TASK REQUIREMENTS: Show every line in the entries below where the word "Images" appears.

Extracted data entries:
= Beginning of Section =

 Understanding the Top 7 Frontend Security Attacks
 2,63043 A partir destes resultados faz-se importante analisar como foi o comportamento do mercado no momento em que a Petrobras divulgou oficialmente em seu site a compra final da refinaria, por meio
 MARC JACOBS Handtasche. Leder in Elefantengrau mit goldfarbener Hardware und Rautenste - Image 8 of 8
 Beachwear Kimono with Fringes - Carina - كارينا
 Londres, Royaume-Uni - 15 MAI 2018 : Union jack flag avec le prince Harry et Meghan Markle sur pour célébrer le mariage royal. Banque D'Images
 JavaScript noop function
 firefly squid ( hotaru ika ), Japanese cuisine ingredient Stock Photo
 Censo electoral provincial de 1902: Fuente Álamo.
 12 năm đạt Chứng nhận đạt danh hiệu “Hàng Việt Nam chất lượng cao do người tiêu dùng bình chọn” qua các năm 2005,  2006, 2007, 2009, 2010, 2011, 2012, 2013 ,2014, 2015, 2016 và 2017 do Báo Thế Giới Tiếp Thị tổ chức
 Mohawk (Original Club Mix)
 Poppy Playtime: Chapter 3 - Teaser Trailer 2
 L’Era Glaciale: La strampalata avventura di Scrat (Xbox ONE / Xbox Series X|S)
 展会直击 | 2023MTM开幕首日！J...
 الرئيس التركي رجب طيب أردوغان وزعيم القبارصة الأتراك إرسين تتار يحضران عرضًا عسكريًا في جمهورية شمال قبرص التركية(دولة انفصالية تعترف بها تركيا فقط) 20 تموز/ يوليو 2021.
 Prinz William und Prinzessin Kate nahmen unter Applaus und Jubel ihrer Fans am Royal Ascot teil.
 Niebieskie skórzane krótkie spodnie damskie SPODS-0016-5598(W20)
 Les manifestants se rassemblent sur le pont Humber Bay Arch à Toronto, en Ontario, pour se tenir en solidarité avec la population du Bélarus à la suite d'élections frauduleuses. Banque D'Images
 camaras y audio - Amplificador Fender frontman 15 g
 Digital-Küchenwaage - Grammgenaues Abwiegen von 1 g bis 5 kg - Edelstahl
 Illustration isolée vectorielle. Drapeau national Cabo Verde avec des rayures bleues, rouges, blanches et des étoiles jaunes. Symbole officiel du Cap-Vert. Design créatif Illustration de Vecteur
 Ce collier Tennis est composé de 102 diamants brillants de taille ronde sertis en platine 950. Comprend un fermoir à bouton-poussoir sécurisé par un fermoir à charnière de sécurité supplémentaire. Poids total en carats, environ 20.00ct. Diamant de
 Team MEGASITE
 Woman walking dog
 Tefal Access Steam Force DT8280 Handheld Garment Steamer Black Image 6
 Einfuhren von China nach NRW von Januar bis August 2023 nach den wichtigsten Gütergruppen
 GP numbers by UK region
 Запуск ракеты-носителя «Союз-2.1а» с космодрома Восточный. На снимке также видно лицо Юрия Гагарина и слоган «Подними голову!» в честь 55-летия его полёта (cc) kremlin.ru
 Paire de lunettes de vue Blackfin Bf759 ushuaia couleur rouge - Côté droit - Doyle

= End of Section =

ANSWER FOR THE TASK:
 Londres, Royaume-Uni - 15 MAI 2018 : Union jack flag avec le prince Harry et Meghan Markle sur pour célébrer le mariage royal. Banque D'Images
 Les manifestants se rassemblent sur le pont Humber Bay Arch à Toronto, en Ontario, pour se tenir en solidarité avec la population du Bélarus à la suite d'élections frauduleuses. Banque D'Images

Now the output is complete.